Moving Home

Tue, 10 April 2012

Well, that's that done. Hughesd is no more. My web site is now daftworks.co.uk and my email address is too! I've had the same domain and email address for nigh on 12 years and it feels like I've changed something fundamental about myself. I know I haven't. It's just a silly address. Or is it?

I mean, I grew up when computers were just starting. Email hadn't even been invented yet and it wasn't until I started at university that the concept started to take off. Back then an email address was a novelty, used only for communication within the university, but it took off, didn't it?

Now I look at email and it's become a big part of day to day life for people and organisations. Many people consider email to be as official a communication medium as written letters. It is, after all, a written record.

Businesses use emails inconsistently, but everyone seems to be moving towards embracing the email as a legally binding document, and I think that's a good thing. As I said, it's a written record of intent and action in many cases.

So maybe changing my email address IS a big thing. Now I have to tell everyone that I've done it, for one thing, or they'll be emailing the ether.

So the new website then. What's that all about? DaftWorks?

Why change the domain name? Because I got fed up of this conversation:

"What's your email address?"

"daveh@hughesd.co.uk"

"Can you spell that?"

"my first name plus my last initial, then an "at" symbol, then my last name plus my first initial."

<pause>

"Can you spell that?"

<sigh>

" d , a , v ..."

It got tiring. So I wanted to change it to something that might be easier to say, easier to spell and hopefully easier to remember. I did think of dtwh.co.uk, but it again locked me into my own name. I wanted to expand the concept of a personal website and try and do something with it. selezen.co.uk sprang to mind, but again there was the spelling out thing.

I sat and thought about what I wanted to do with the site. I have a lot of creative ideas and they all have subsites, so why not make an "umbrella" site that could contain them and make a kind of brand?

Seemed like a good idea, I thought. "Battlebarge: a ????? production". A name which popped in my head early on was "daftworks". Anne used to call the cat this when it was younger and it always sounded like a good name for a website. It wasn't the best option for a name because again there would be the spelling issue. "how do you spell daft?" But it might work.

No matter how many other options I looked at, I couldn't get daftworks out of my head. I even designed the logo in my head whilst still thinking about other names. Hexology was another name option, but it was again a bad one to spell.

Well, eventually daftworks won. Some American bloke registered daftworks.com (and it's a bloody single page screen with a definition of what daft means and it doesn't even link to the guy's main website, ffs). Daftworks worked as an umbrella for comics and for all of the creative stuff that I've done (which, if unleashed on the public, will probably be branded as a DaftWorks publication).

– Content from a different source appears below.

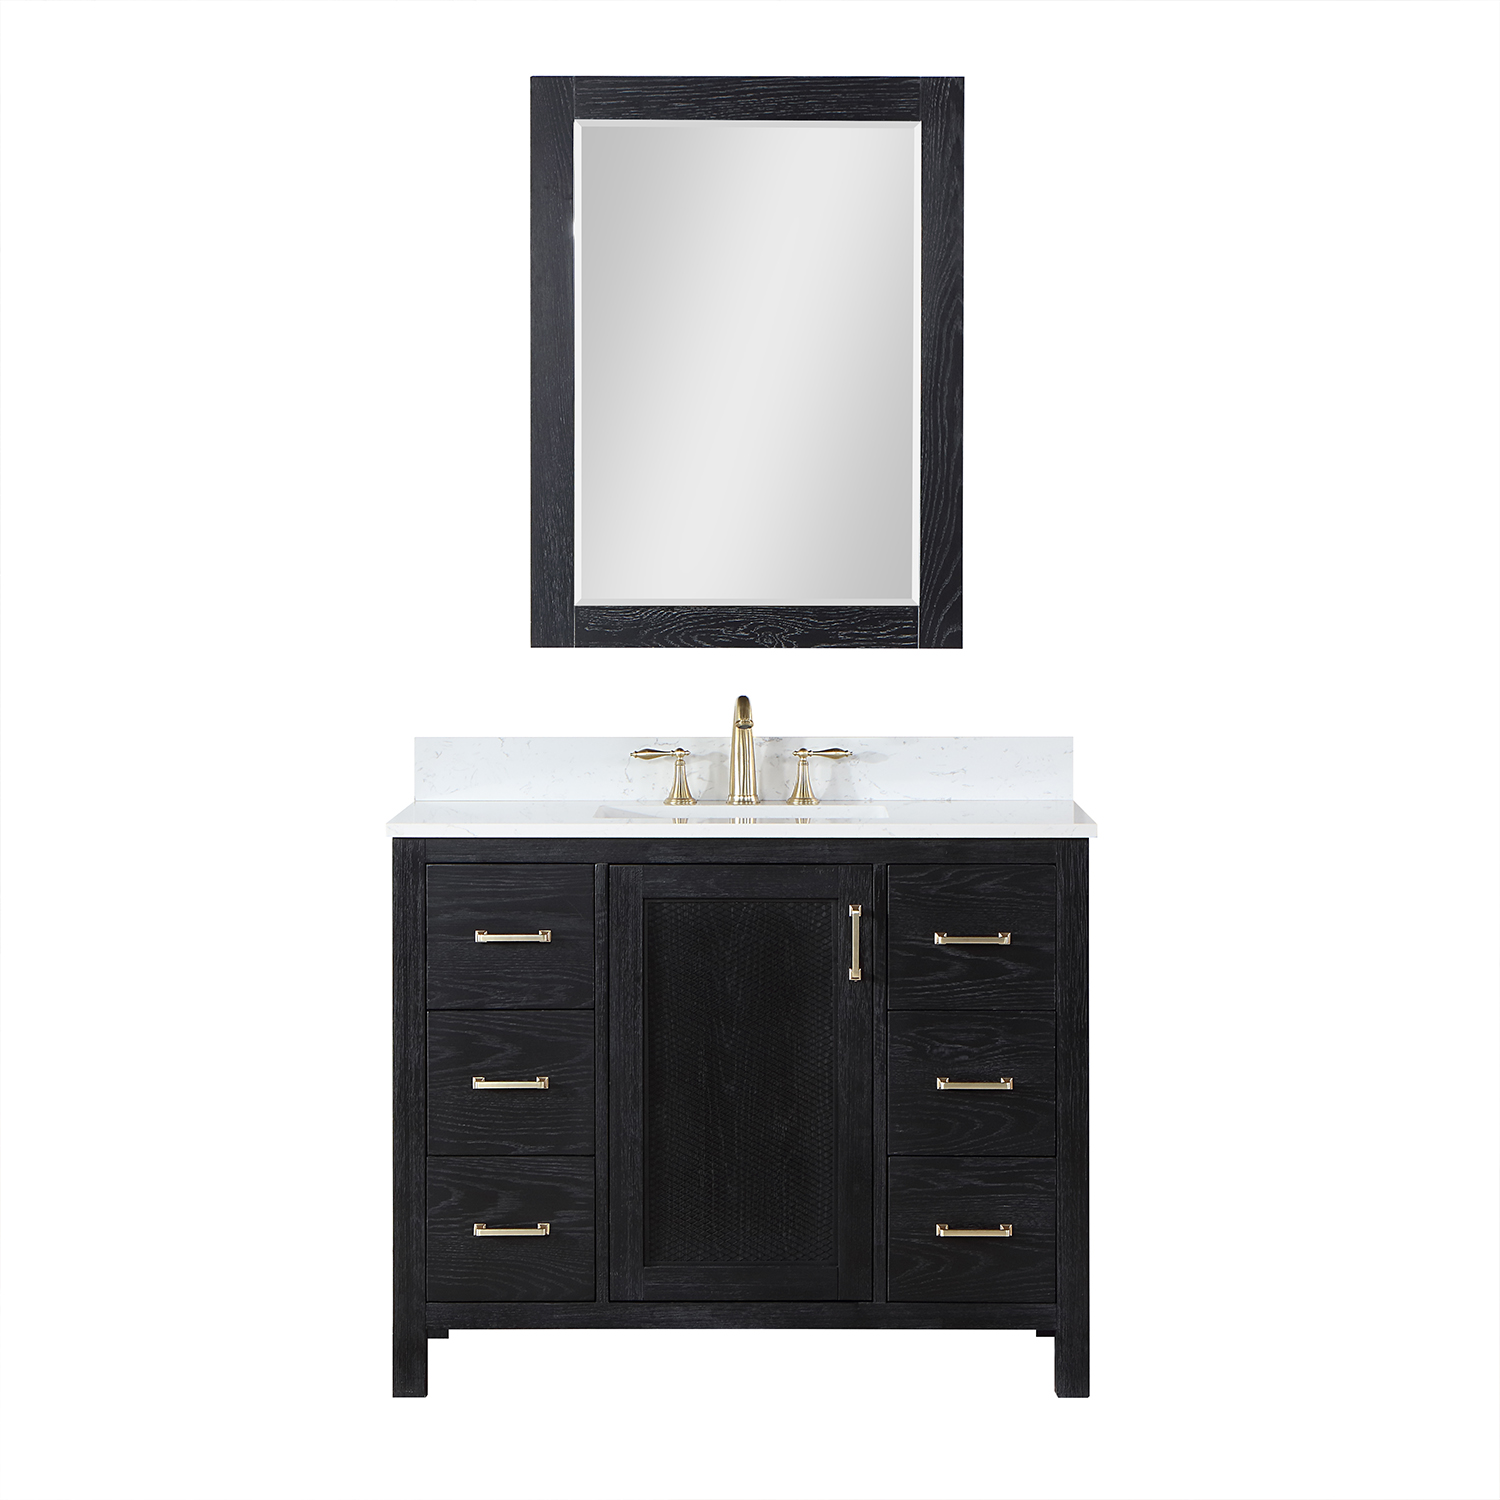 Issac Edwards Collection 42" Single Bathroom Vanity Set in Black Oak with Carrara White Composite Stone Countertop without Mirror

I wanted to migrate my hosting to php-based to get access to the Apache functionality of friendly URLs too, which my existing IIS based hosting couldn't handle. The problem was that my Battlebarge comic is hosted using ASP (which, for the uninitiated, means that it won't work under php-based hosting packages). ASP support is costly these days, and I needed to move away from it. That meant finding an alternative to my own homebrewed comic hosting platform to a PHP-based one.

I played with LOADS of comic hosting scripts. The closest one was LiteDoodle, but it needed to use the modified date of the comic file, and when one copies files from one folder to another on the server via FTP then it doesn't preserve the modified date.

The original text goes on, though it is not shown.